The surgical staff was very good, and it was very quick. They put her on the table and almost immediately put the mask on her to put her under. It was difficult, because DD fought it. So, I really had to restrain her. But, it was quick. She was out almost immediately. Then before you know it, it was over. I really think it only took about 5 minutes. She was already awake by the time I got to see her. She was not a happy camper, but I was able to nurse her within 5 or 10 minutes. They wanted her to have clear liquids like water first, but I was able to convince them to allow me to nurse her. I would say, she was not happy for around 30 to 40 minutes, but after that she was fine. You couldn't even tell that she had had it done. Unlike others I have heard about, DD didn't take an extended nap afterwords either.

It was a little scary for me, while they were putting her under, but really it was a very simple procedure.

ETA a couple of things. They are usually pretty good about scheduling kid's surgery for first thing in the morning, but really insist on this. It was hard to tell DD that she could't eat or nurse that morning, so the earlier the surgery, the better.

Also, talk to the surgeon, and make sure that you can go into the operating room with him. For us, this was no problem. I also wanted to be in the recovery room before she woke up, but they wouldn't let me, but they let me in just as she was waking up. I didn't want her to wake up frightened and disoriented without me around.

Marci

Mom to Julia 4/05

lilycat88
10-24-2006, 12:55 PM
DD is 28 months old and is on her 3rd set of tubes. Her first was at 11 months, 2nd at 18 months and her third was just placed last month when she had her adenoids removed.

Just a couple of comments. DDs fluid was related to many many ear infections. The infections were treated with antibiotics but we still had issues with fluid. We were SURE that DD wasn't having any issues with hearing before the first set. She wasn't talking yet but we noticed a fairly significant increase in vocalizing after she had the first set put in. So, perhaps there was some "muffling".
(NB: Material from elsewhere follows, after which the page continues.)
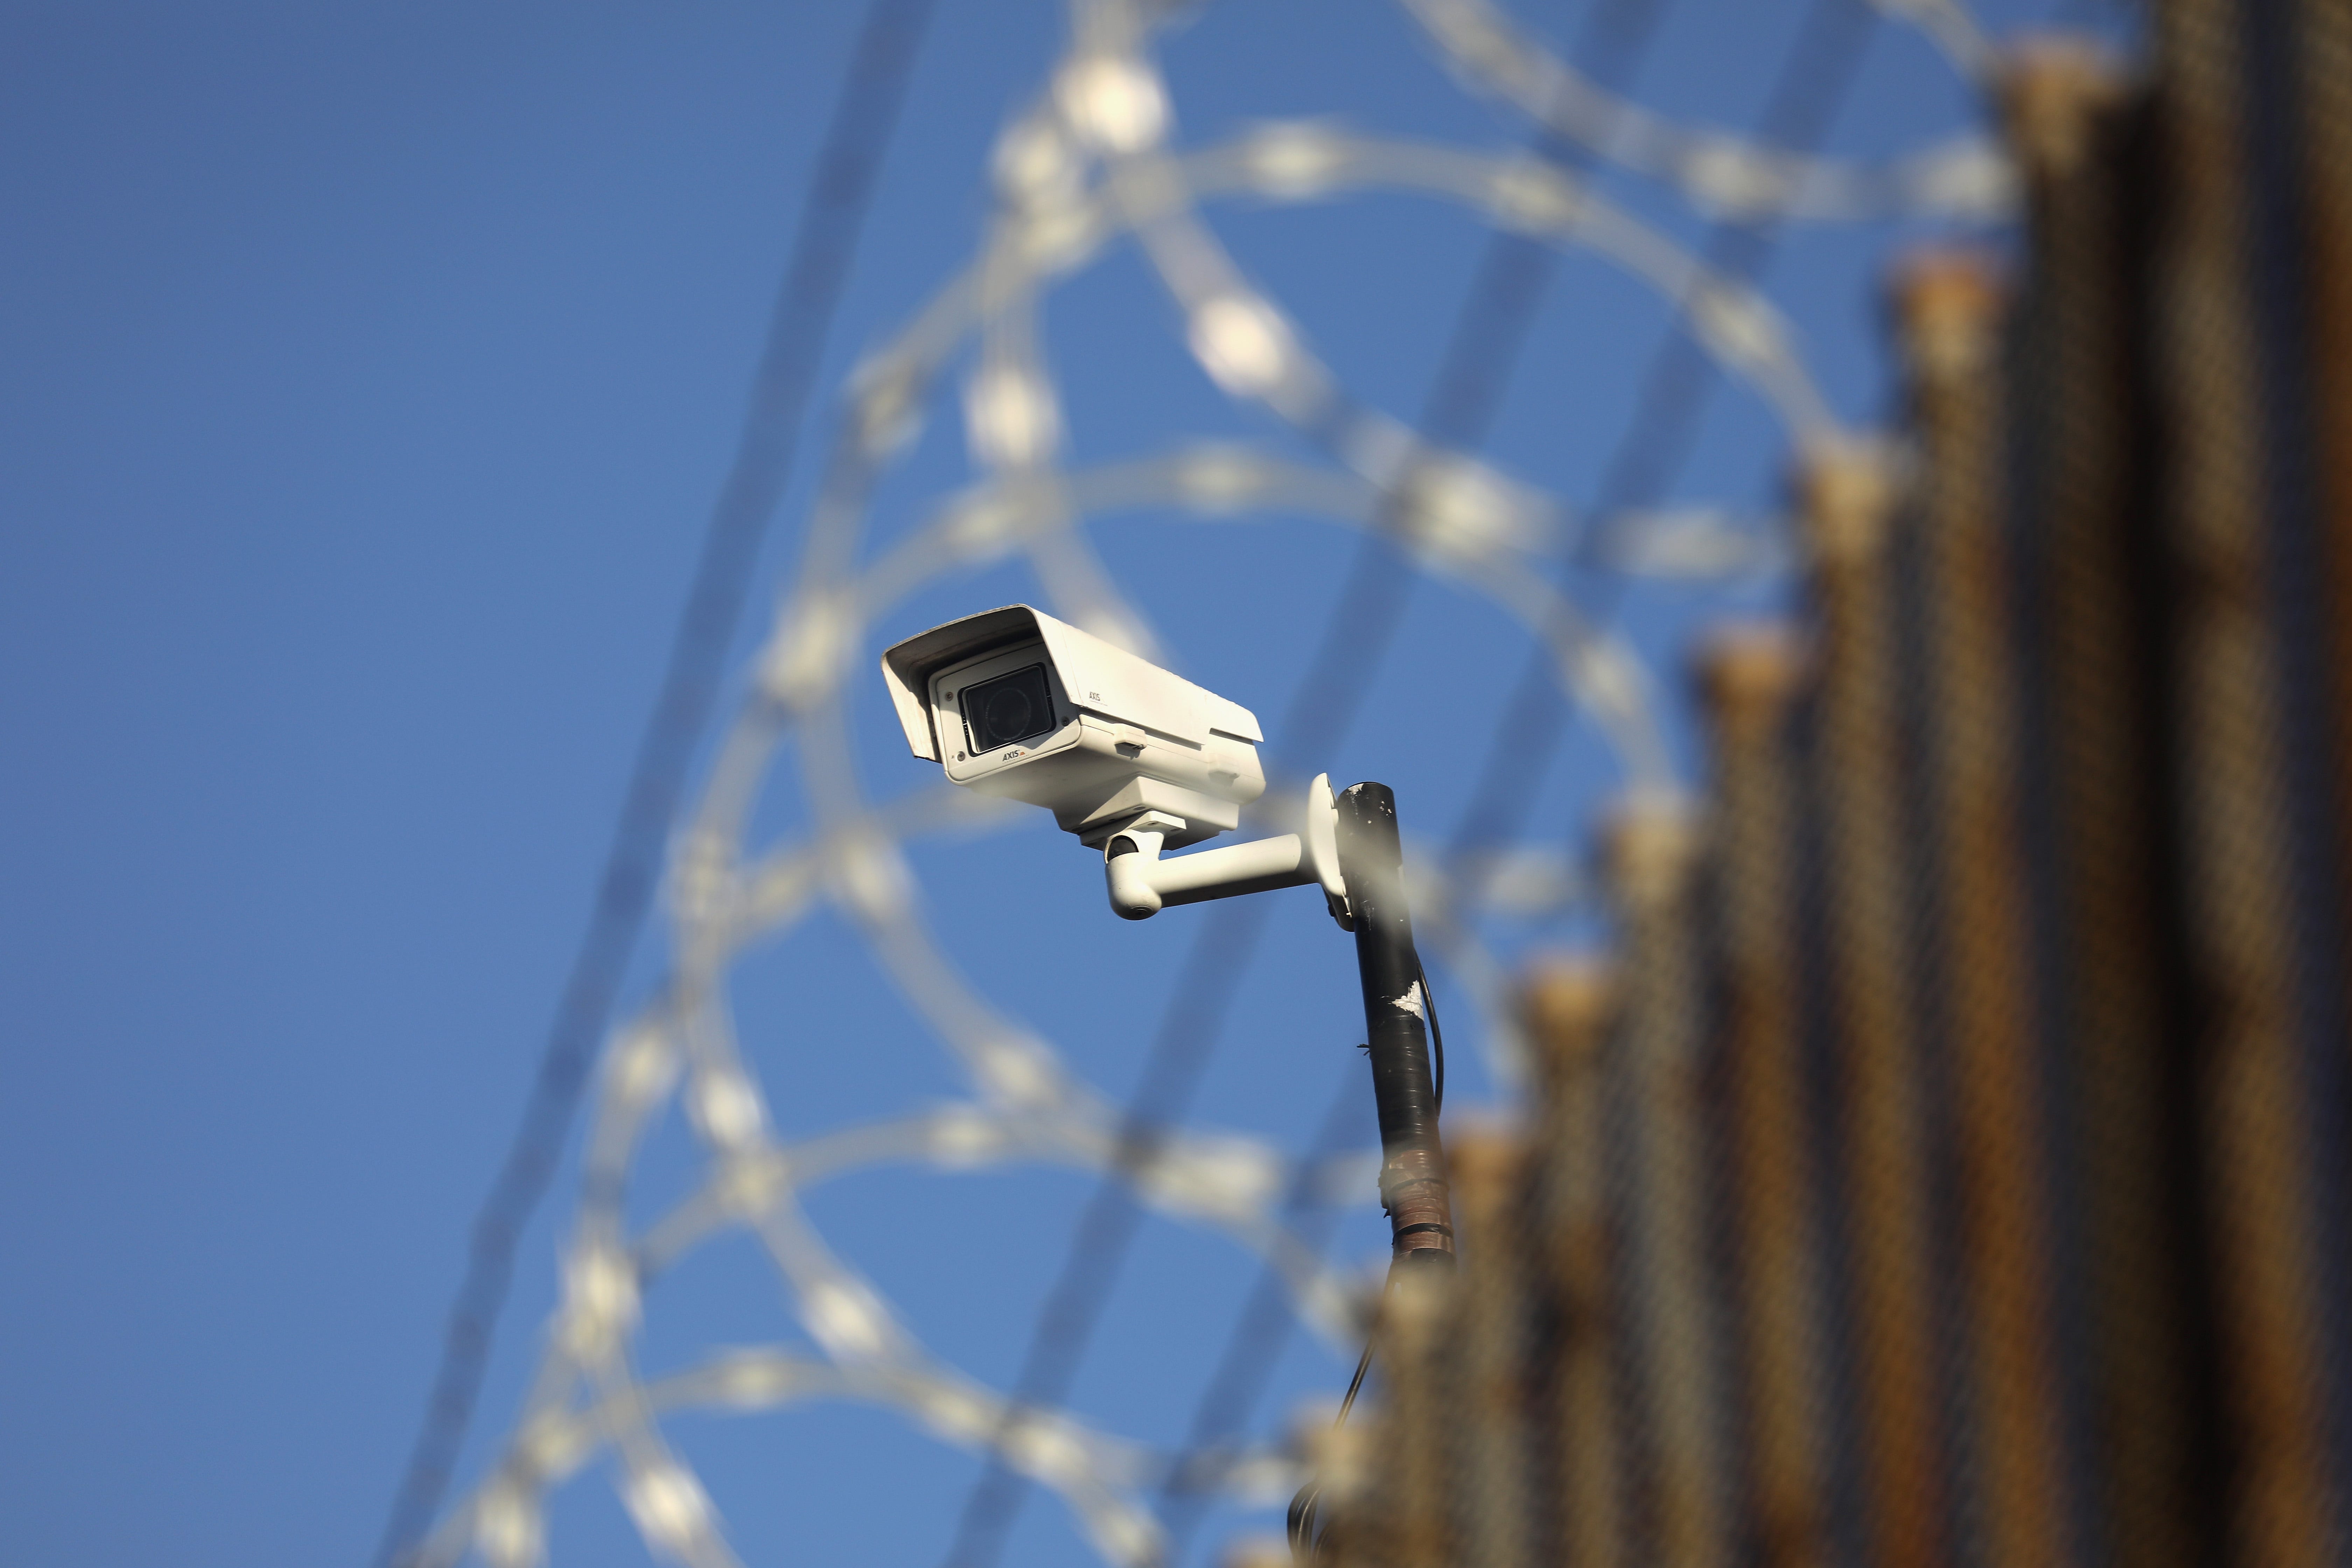 A U.S. surveillance camera overlooks the international bridge between Mexico and the United States.

As far as the actual tube placement, it's more difficult on the parents than it is on the child. DD did fabulously with all of them. For this last one, it was harder because she had the adenoids removed as well. For her first set, she came home and took a long nap and was fine. For her second set, she ate a sausage biscuit from McDonalds on the way home and was at Kindermusik that night (she was climbing the walls she was so bored). For the first 2 sets, by the time we figured out the TV in the waiting room, the doctor was coming out to see us. Depending on the facility, you might be able to accompany your DS into the operating room. We did for her last surgery.